About Jo
Jo Johnson is Executive Chairman of FutureLearn, the global online learning platform. He works internationally across higher education, digital learning, and education investment, with board and advisory roles at leading education and skills organisations across the UK, North America, Europe, and Asia.
He serves on the board of Access Education Group and is a member of the Council of the Dyson Institute for Engineering and Technology. He is a Visiting Professor at King’s College London and a Fellow of Birkbeck College, University of London. He is also a member of the House of Lords, the European Council on Foreign Relations, and an Honorary Governor of the Ditchley Foundation.
Jo previously served as UK Minister of State for Universities, Science, Research and Innovation, attending Cabinet, with responsibility for higher education, research funding, and international education. He also served as Head of the No.10 Policy Unit, advising the Prime Minister on domestic policy across government. He was a Member of Parliament from 2010 to 2019 and was appointed to the House of Lords in 2020.
He was a Senior Fellow and Research Fellow at the Mossavar-Rahmani Center for Business and Government at the Harvard Kennedy School from 2019 to 2023.
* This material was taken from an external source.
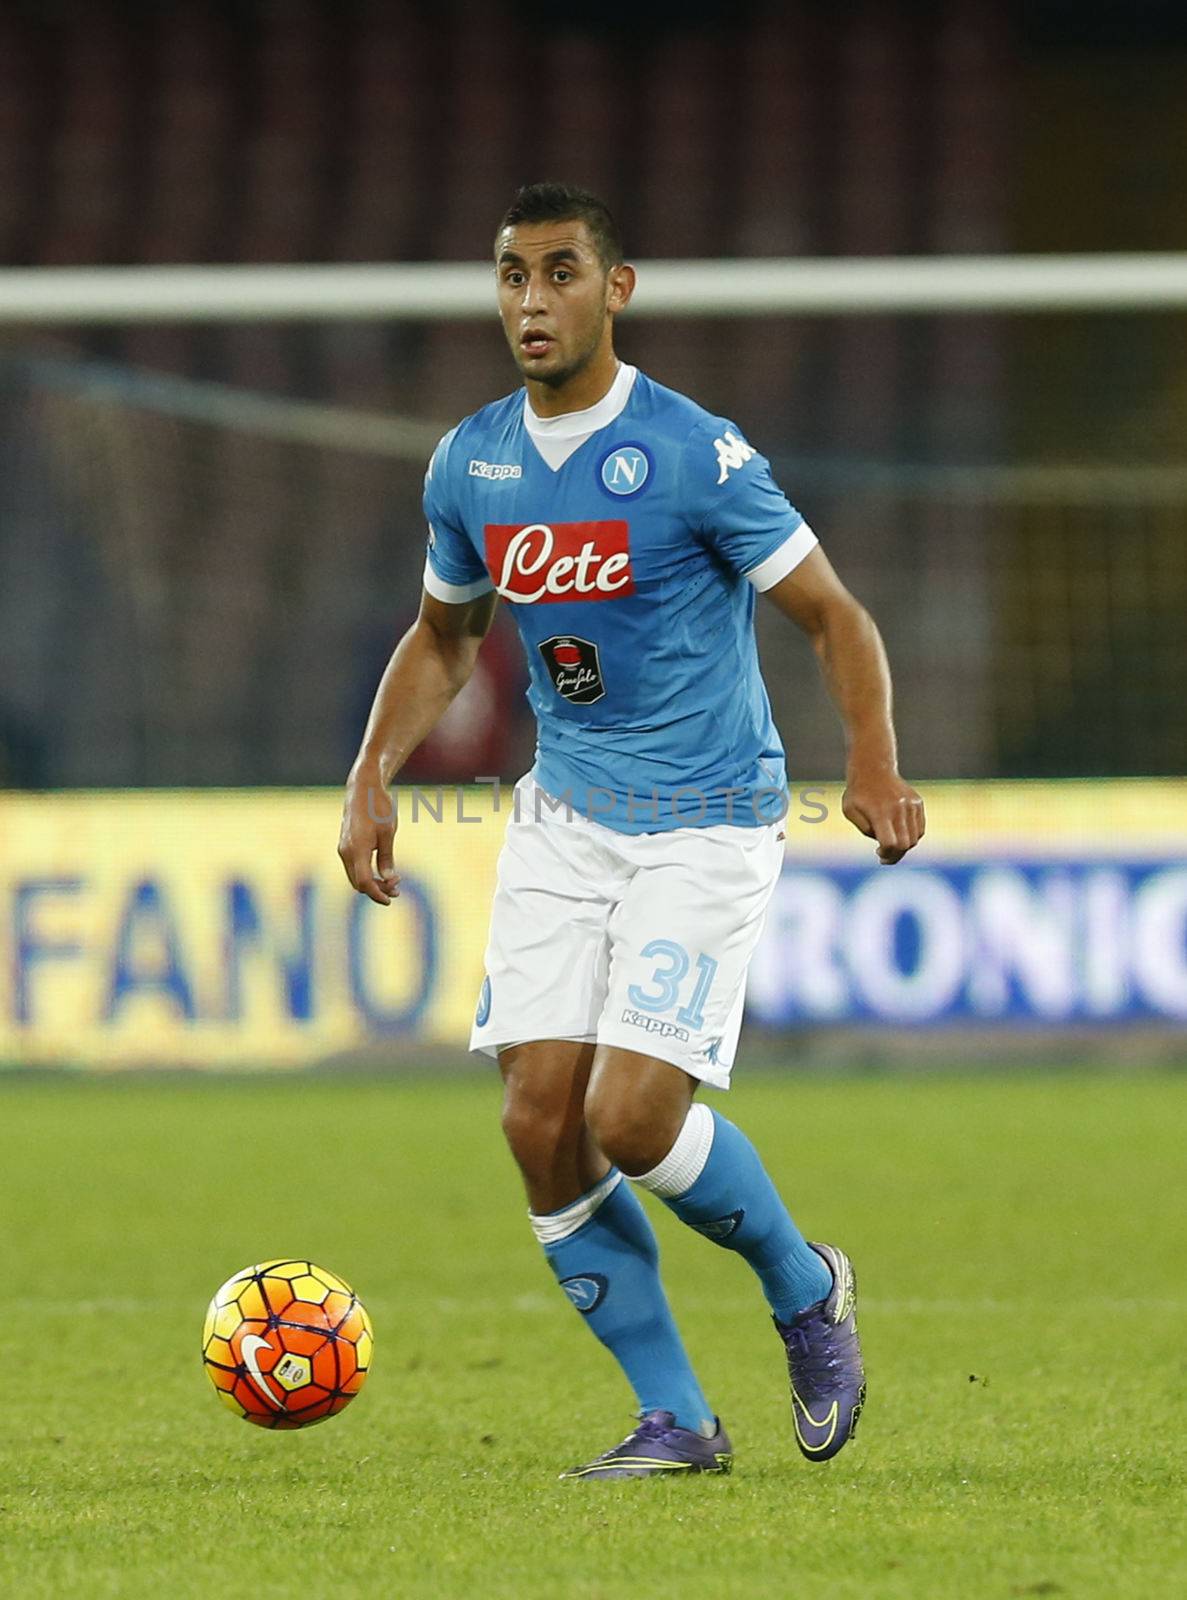 ITALY, Naples: Napoli beat Udinese 1-0 in their Serie A match at San Paolo stadium in Naples on November 8, 2015. Faouzi Ghoulam.

Before entering public life, Jo spent 13 years at the Financial Times, where he held senior editorial roles including Associate Editor, Head of Lex, South Asia Bureau Chief, and Paris correspondent.
He is the author of two books: The Man Who Tried to Buy the World (Penguin, 2003, with Martine Orange) and Reconnecting Britain and India: Ideas for an Enhanced Partnership (Academic Foundation, 2011, with Dr Rajiv Kumar).
He was educated at Balliol College, Oxford, where he was a scholar and received a first-class degree in Modern History. He also holds an MBA from INSEAD and studied at the Université Libre de Bruxelles as a Wiener Anspach Fellow.
He lives in London with his wife, the journalist Amelia Gentleman, and their children.